Les lionnes de l’Atlas s’appuient sur un système bien huilé. Une excellente assise défensive leur permettant ensuite de contre-attaquer avec des transitions rapides vers l’avant. Les joueuses ont prouvé sous les ordres de Pedros qu’elles savaient être résilientes, soudées, motivées et surtout compétitives. Elles évoluent avec confiance et arrivent dans ce Mondial avec l’envie de marquer l’histoire de la sélection féminine. En marchant sur les traces de leurs homologues masculins arrivés jusqu’en demi-finale du dernier mondial au Qatar.
Le groupe marocain est de très grande qualité. Elles tenteront de poursuivre cette folle ascension dans le groupe H, composé du vice champion d’Europe l’Allemagne, du vice champion sud-américain la Colombie et enfin du vice champion de la coupe d’Asie la Corée du Sud.
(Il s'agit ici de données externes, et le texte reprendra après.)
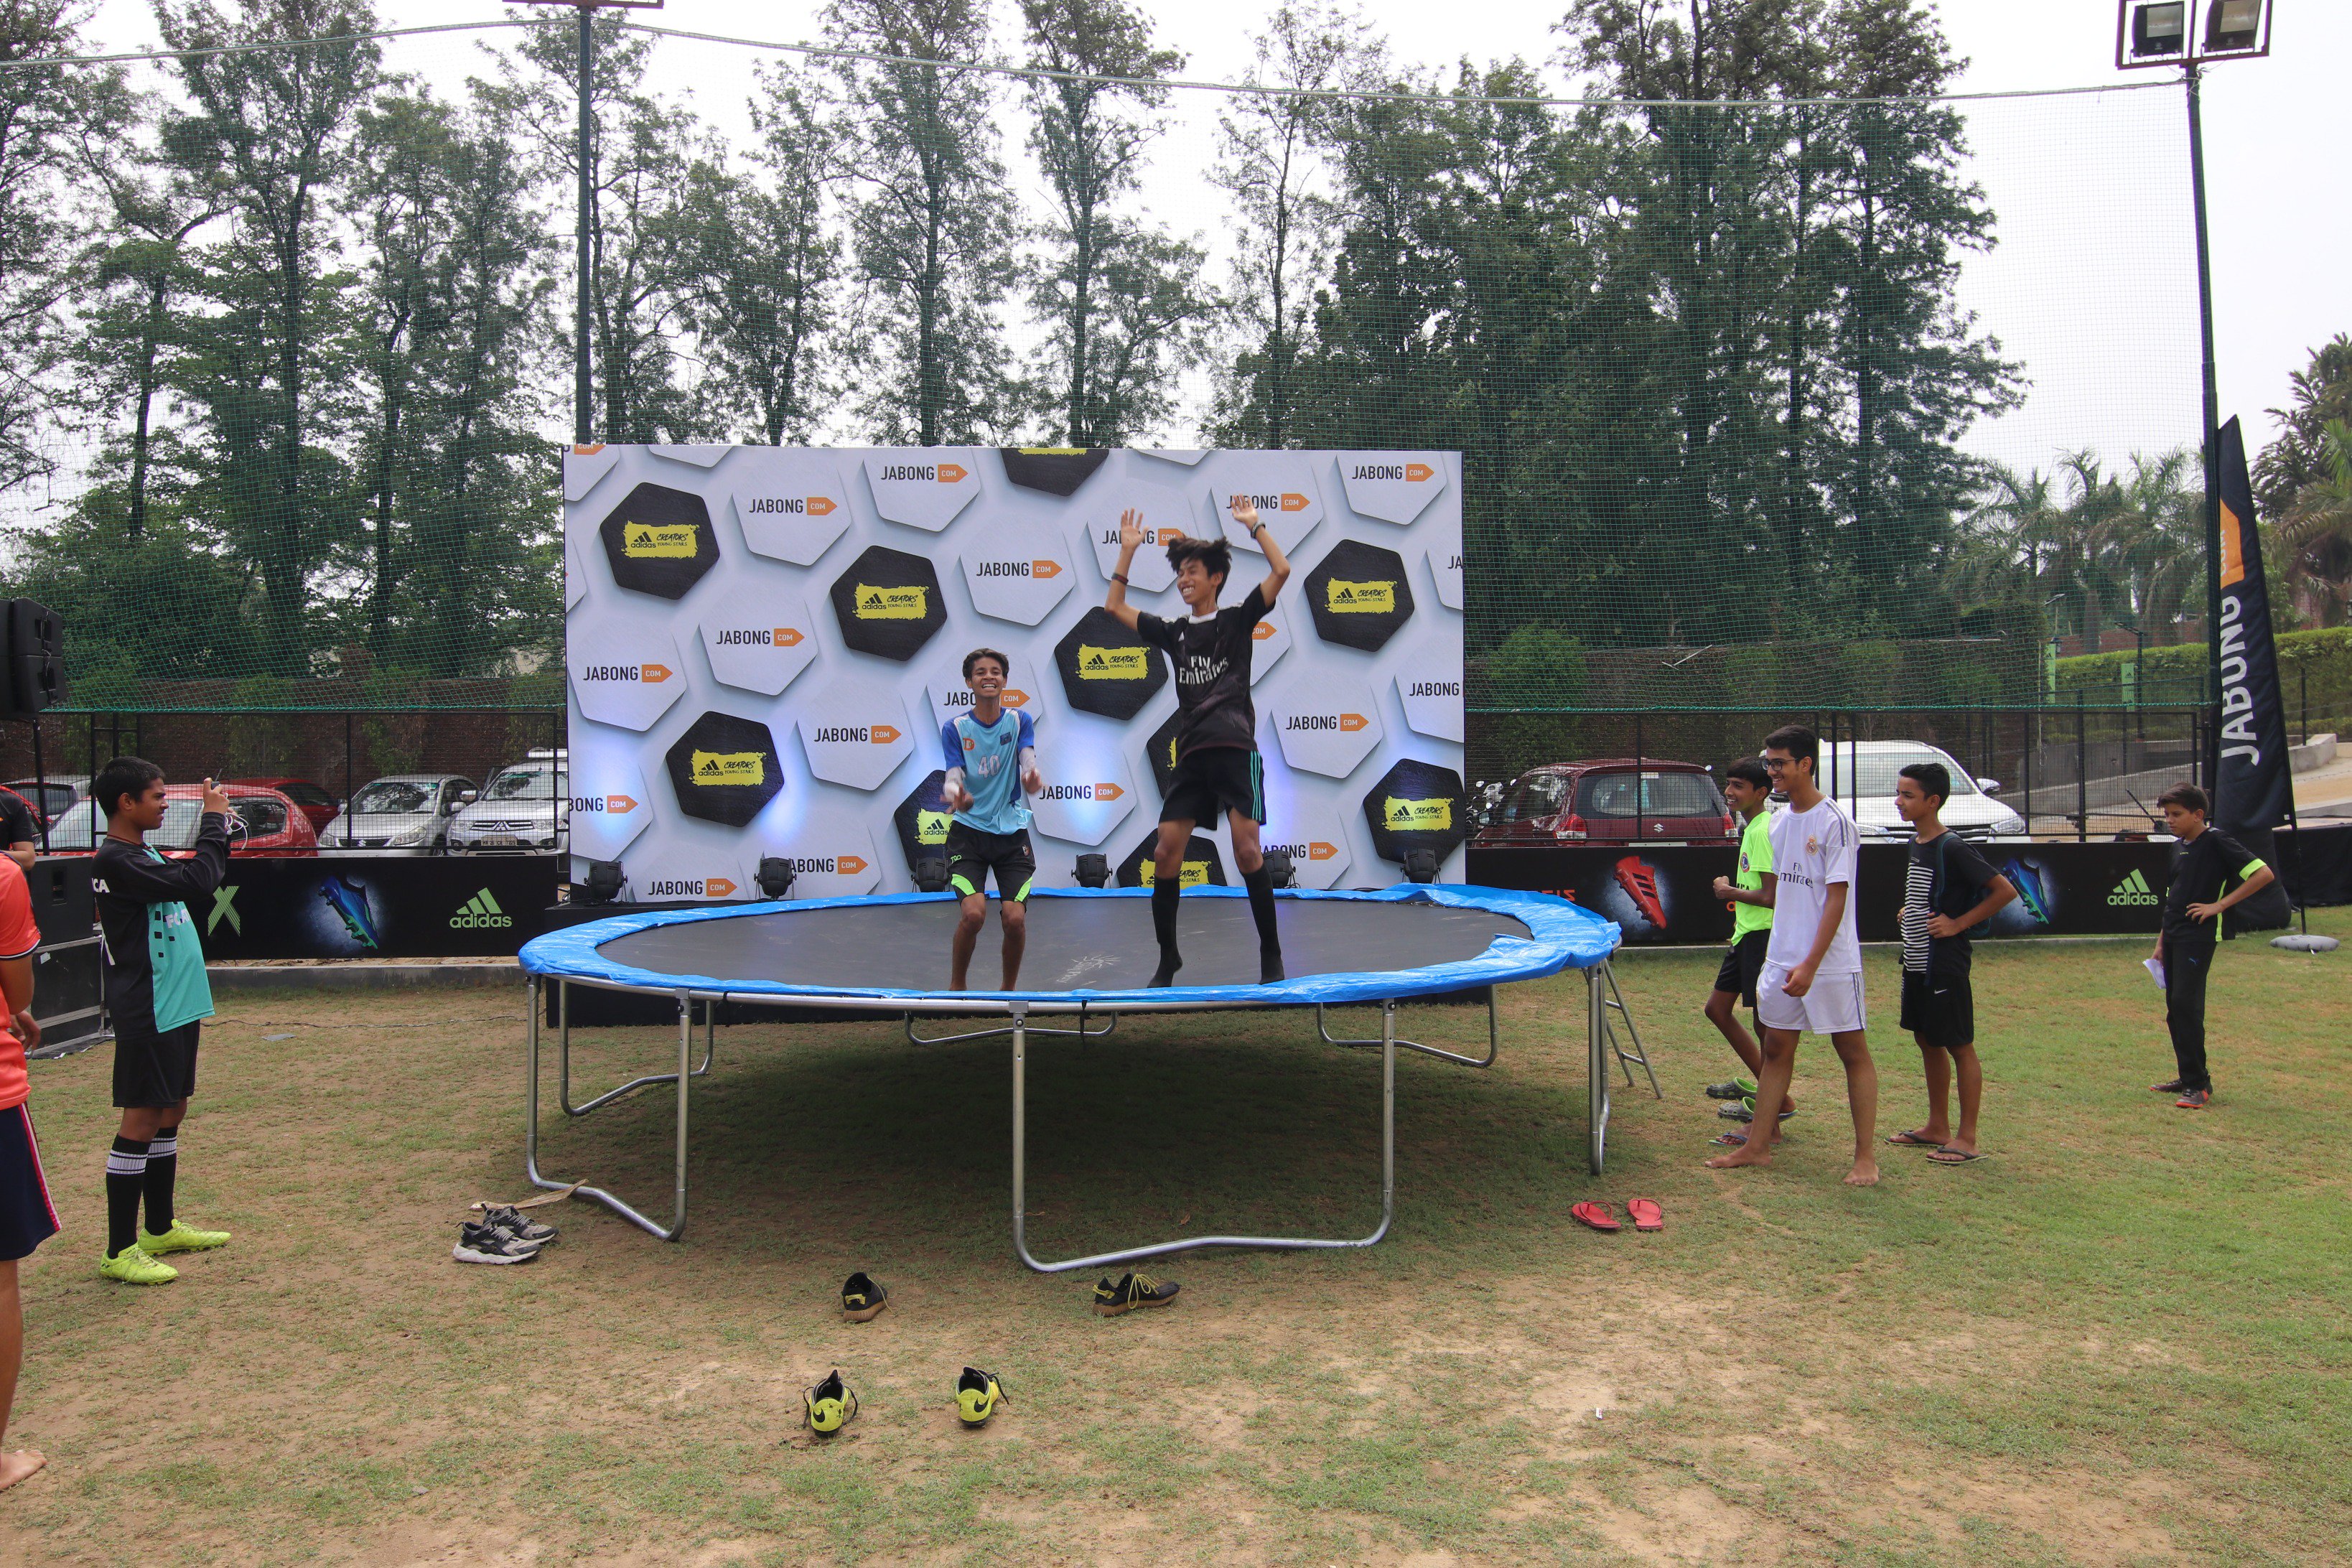 Jabong.com on Twitter: "It was a day filled with the spirit to win ! ADIDAS with JABONG took an initiative to treat Young Football Stars with super fun engagement activities at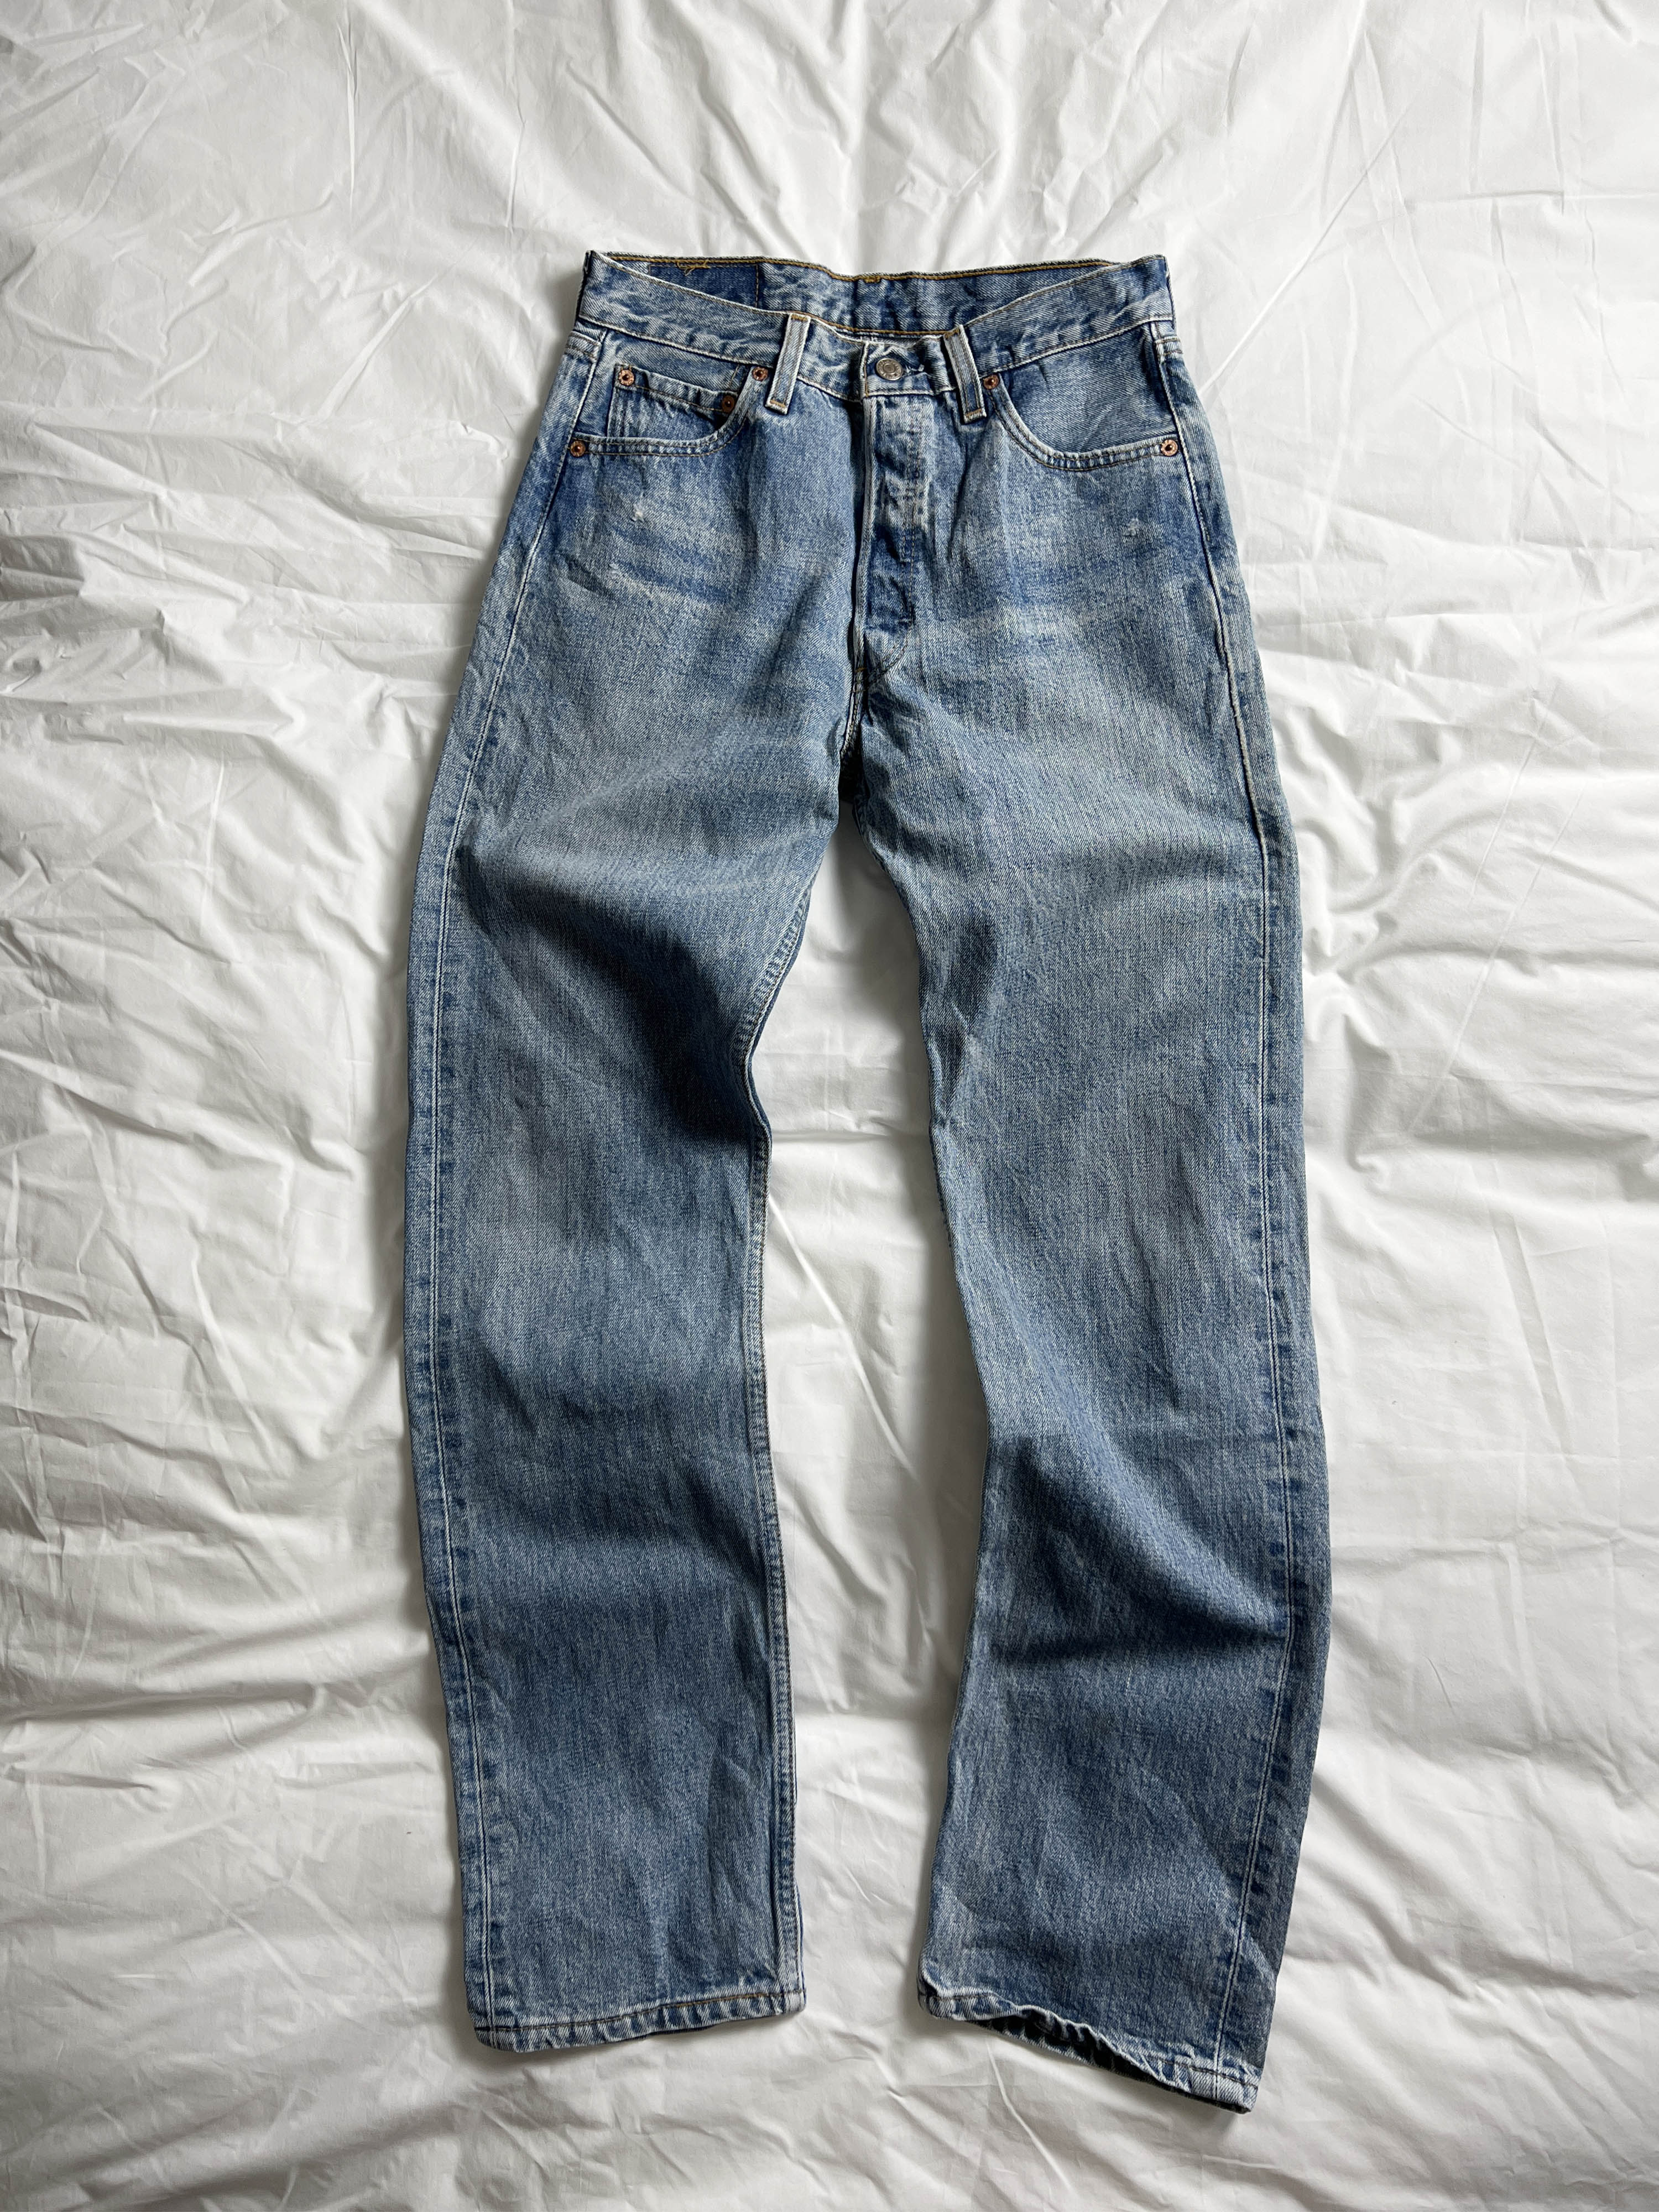 90s Levis 501 ( made in USA )

Ghizlane Chebbak – Milieu de terrain
Capitaine des Lionnes de l’Atlas, Chebbak est l’âme de cette sélection. C’est une joueuse qui aime les responsabilités, qui aime les moments de forte pression. Elle est la “boussole” du reste de son équipe. La joueuse de l’AS Far au Maroc est celle qui donne le tempo et le rythme de son équipe. Elle ne se cache pas, aime demander les ballons, même sous pression. Avec son gros volume de jeu, elle est capable d’apporter offensivement par des courses, autant qu’elle est capable de “chatouiller” les chevilles de ses adversaires, avec une grande agressivité.
Une détermination qu’on retrouve aussi dans ses déclarations, puisque la marocaine a annoncé la couleur : « les Lionnes de l’Atlas n’iront pas à la Coupe du Monde pour faire de la figuration. Notre objectif est de rivaliser avec les plus grandes équipes du tournoi ».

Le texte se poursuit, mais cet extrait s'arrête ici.